Messaging Shakespeare | Classroom Examples | - 0 views

  • Brown's class was discussing some of the whaling calculations in Moby Dick. When one student asked a question involving a complex computation, three students quickly pulled out their cell phones and did the math. Brown was surprised to learn that most cell phones have a built-in calculator. She was even more surprised at how literate her students were with the many functions included in their phones. She took a quick poll and found that all her students either had a cell phone or easy access to one. In fact, students became genuinely engaged in a class discussion about phone features. This got Brown thinking about how she might incorporate this technology into learning activities.
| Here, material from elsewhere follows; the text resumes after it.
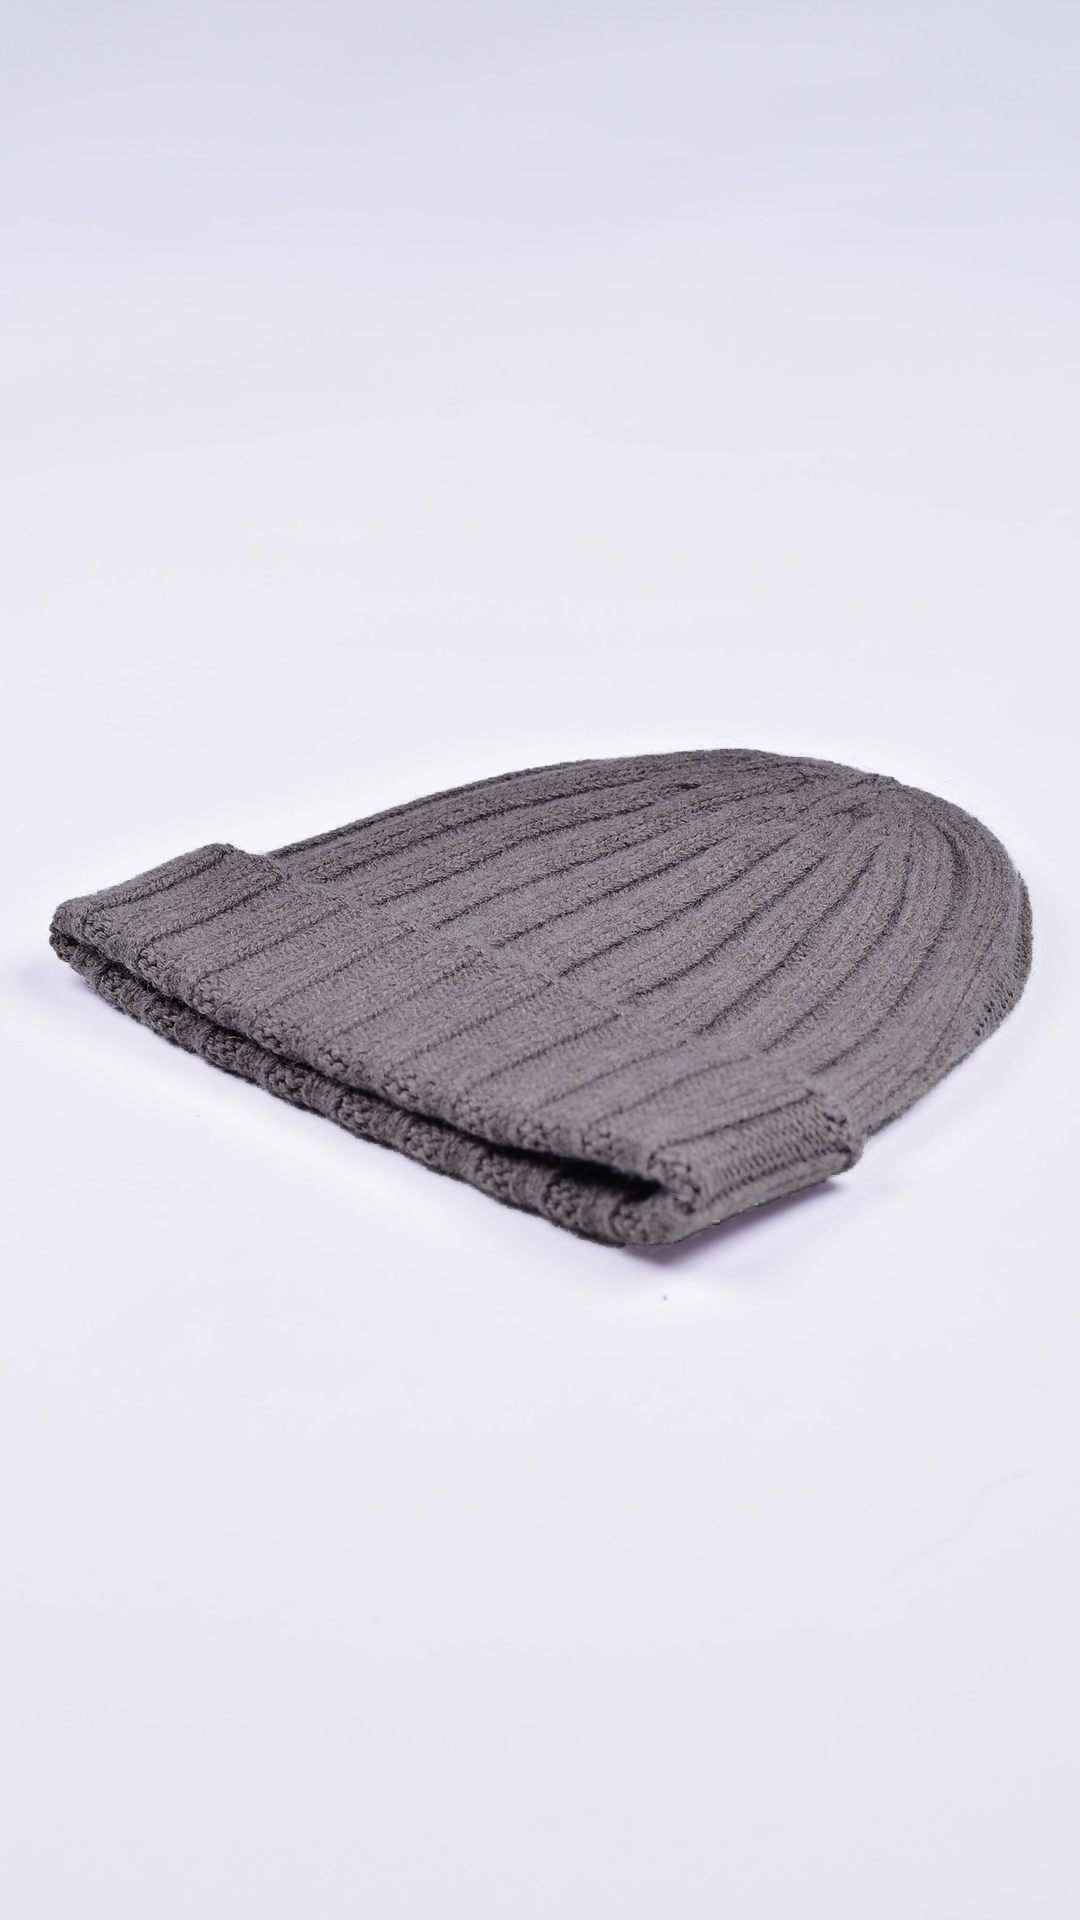 Wallisdario fango 2 1stAmerican cappellino lana e cashmere Made in Italy da uomo - caldo berretto invernale a coste larghe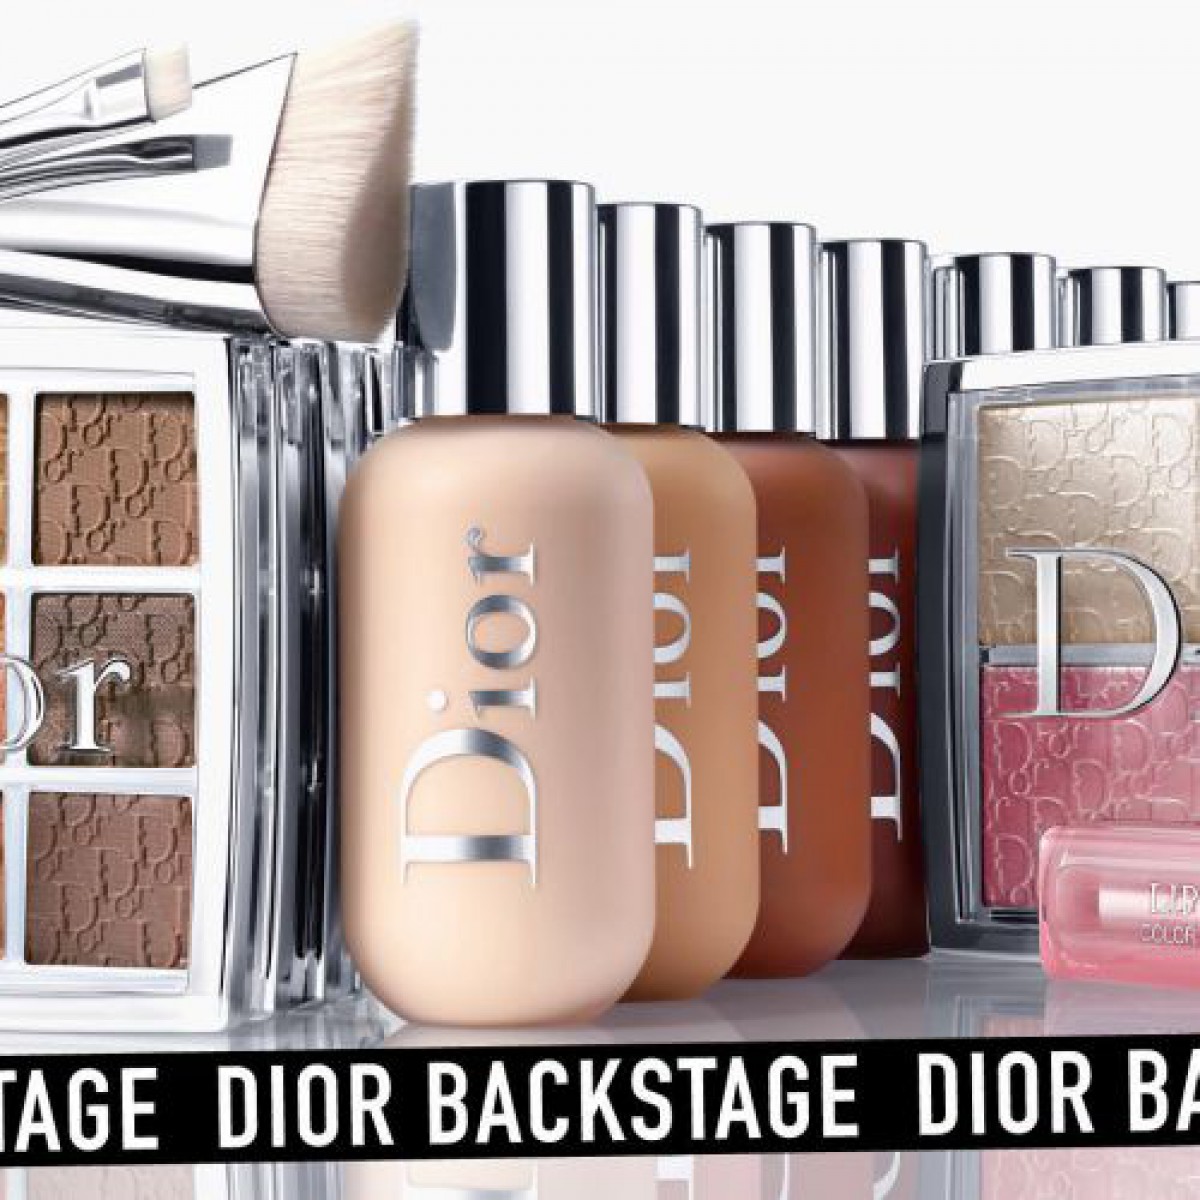 大人気コスメブランド Diorから待望の新ライン!バックステージが既に人気のウワサなワケって?

  • Brown noticed that many students used text messaging to communicate, and considered how she might use cell phones in summarizing and analyzing text to help her students better understand Richard III. Effective summarizing is one of the most powerful skills students can cultivate. It provides students with tools for identifying the most important aspects of what they are learning, especially when teachers use a frame of reference (Marzano, Pickering, & Pollock, 2001). Summarizing helps students identify critical information. Research shows gains in reading comprehension when students learn how to incorporate isummary framesi (series of questions designed to highlight critical passages) as a tool for summarizing (Meyer & Freedle, 1984). When students use this strategy, they are better able to understand what they are reading, identify key information, and provide a summary that helps them retain the information (Armbruster, Anderson, & Ostertag, 1987).
  • Text messaging is a real-world example of summarizing—to communicate information in a few words the user must identify key ideas. Brown saw that she could use a technique students had already mastered, within the context of literature study.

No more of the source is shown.